Task details
Nothing but the lines from the one containing "Image of Willa Cotton Flared Trousers" through the end of the data should be retyped, exactly as they stand, and pictures should not be retyped.

Dataset content
- - - - -

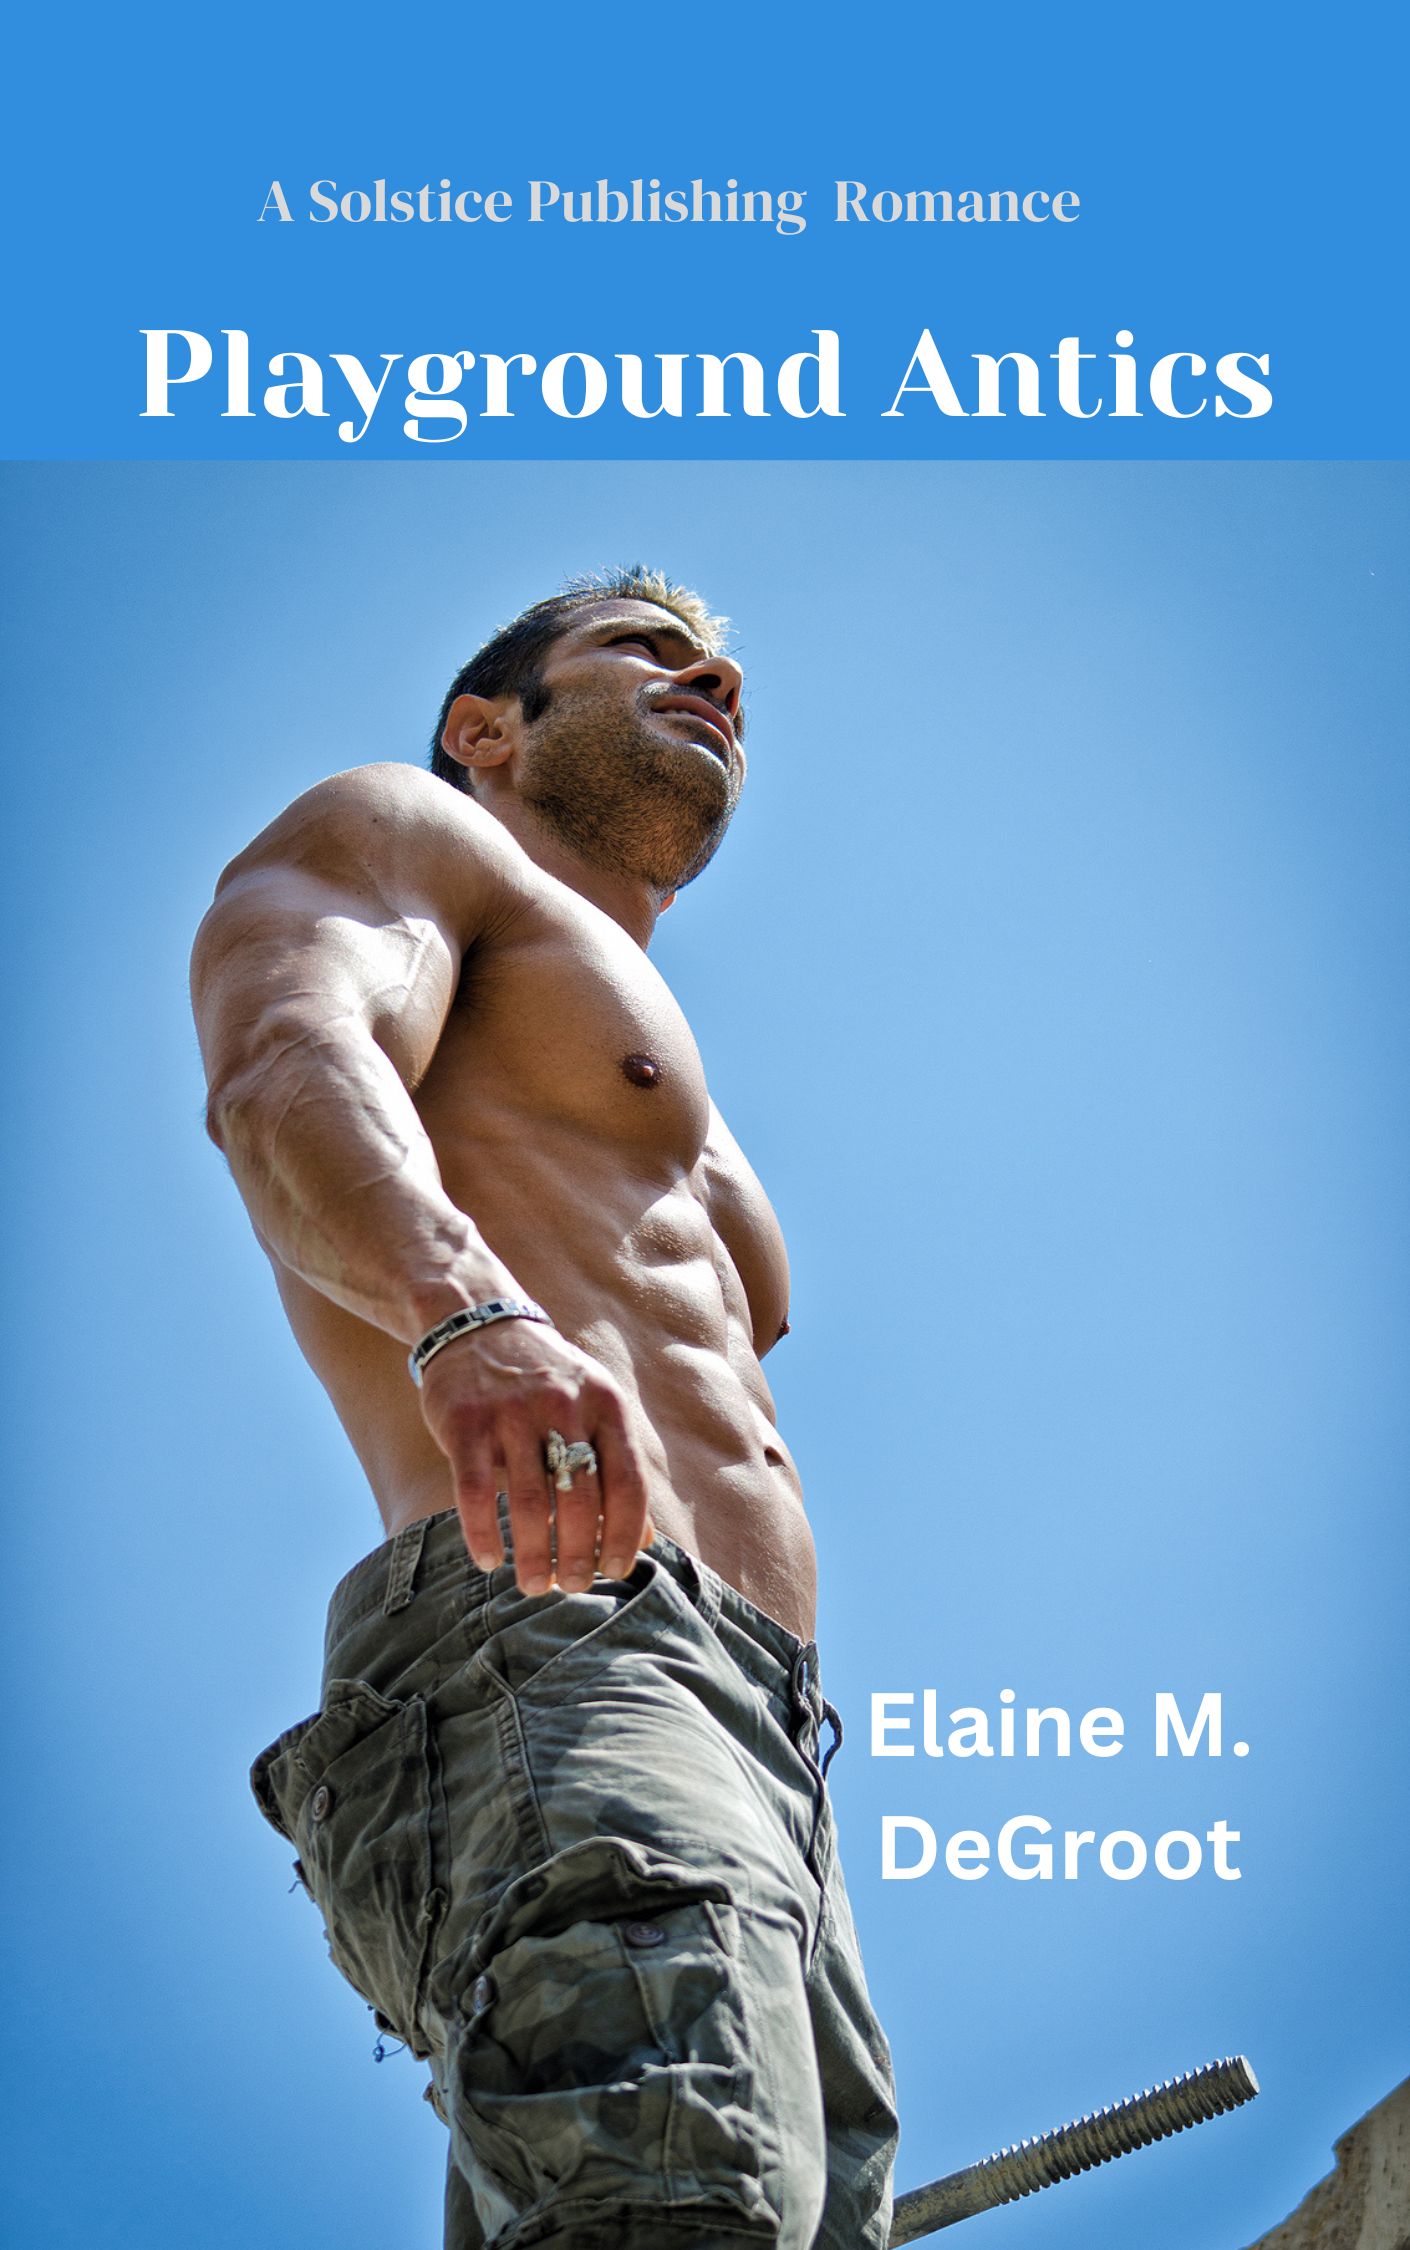 A shirtless construction worker against a blue sky background
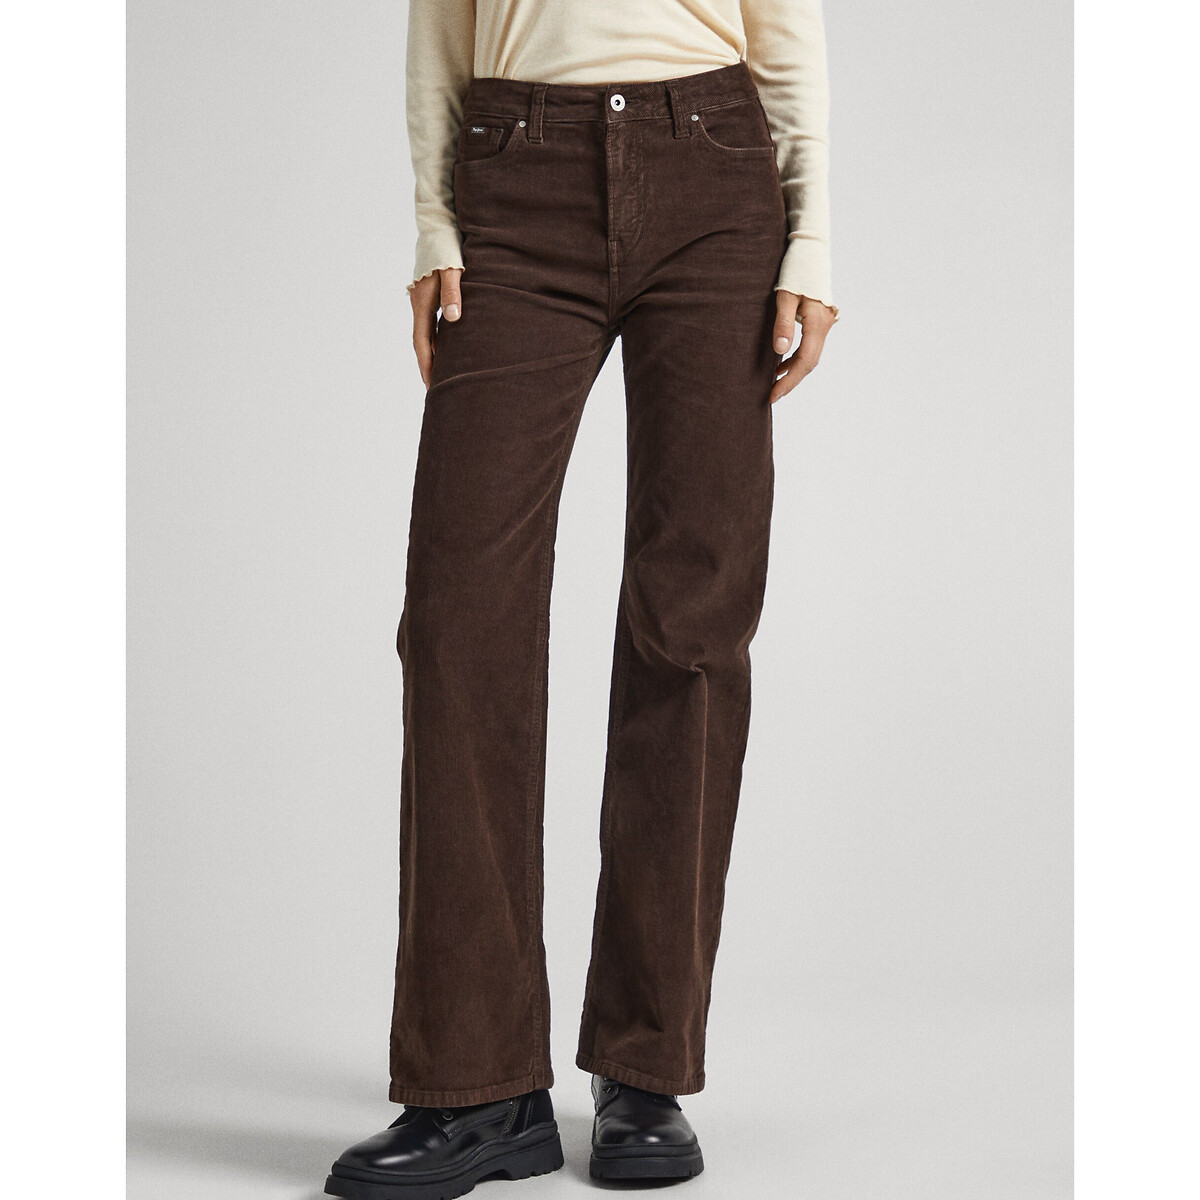 Image of Willa Cotton Flared Trousers
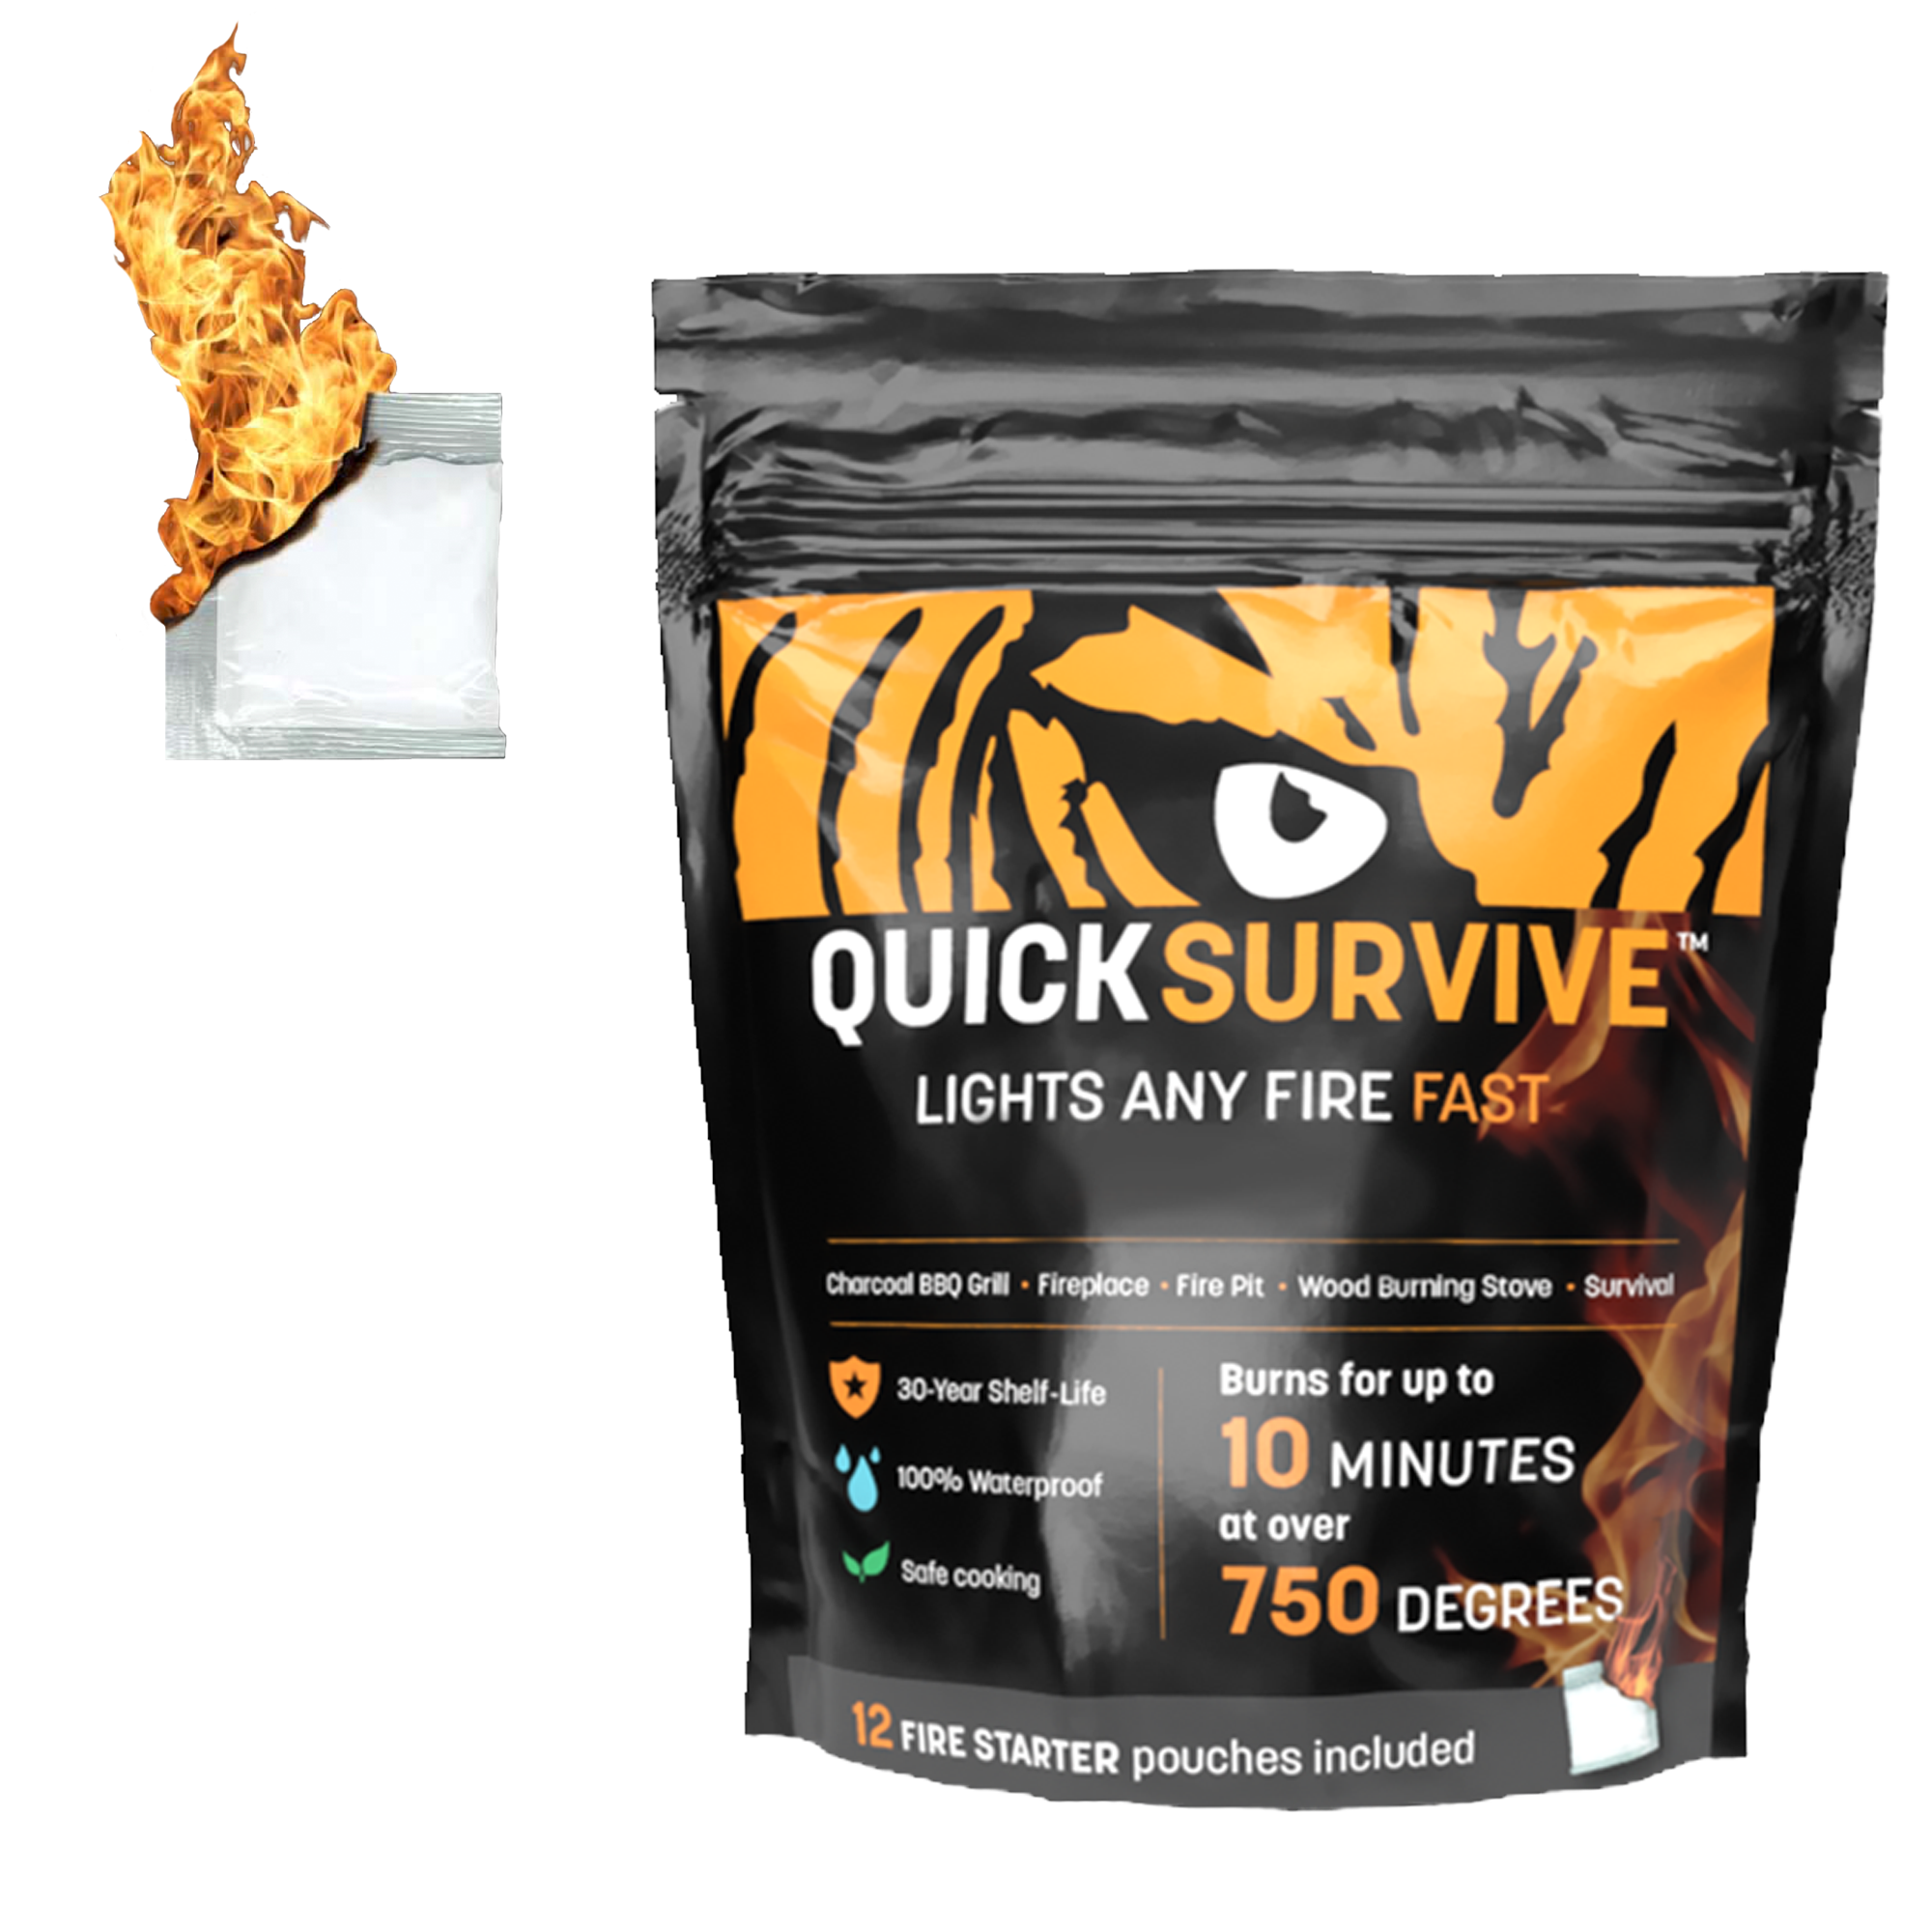 QuickSurvive The Best Fire Starters For Camping and Outdoors - Waterproof fire starters - formerly quick fire starters. Campfire ring with QuickSurvive Fire Starter 12 Pack.

- - - - -

Solution
 Image of Willa Cotton Flared Trousers
 QuickSurvive The Best Fire Starters For Camping and Outdoors - Waterproof fire starters - formerly quick fire starters. Campfire ring with QuickSurvive Fire Starter 12 Pack.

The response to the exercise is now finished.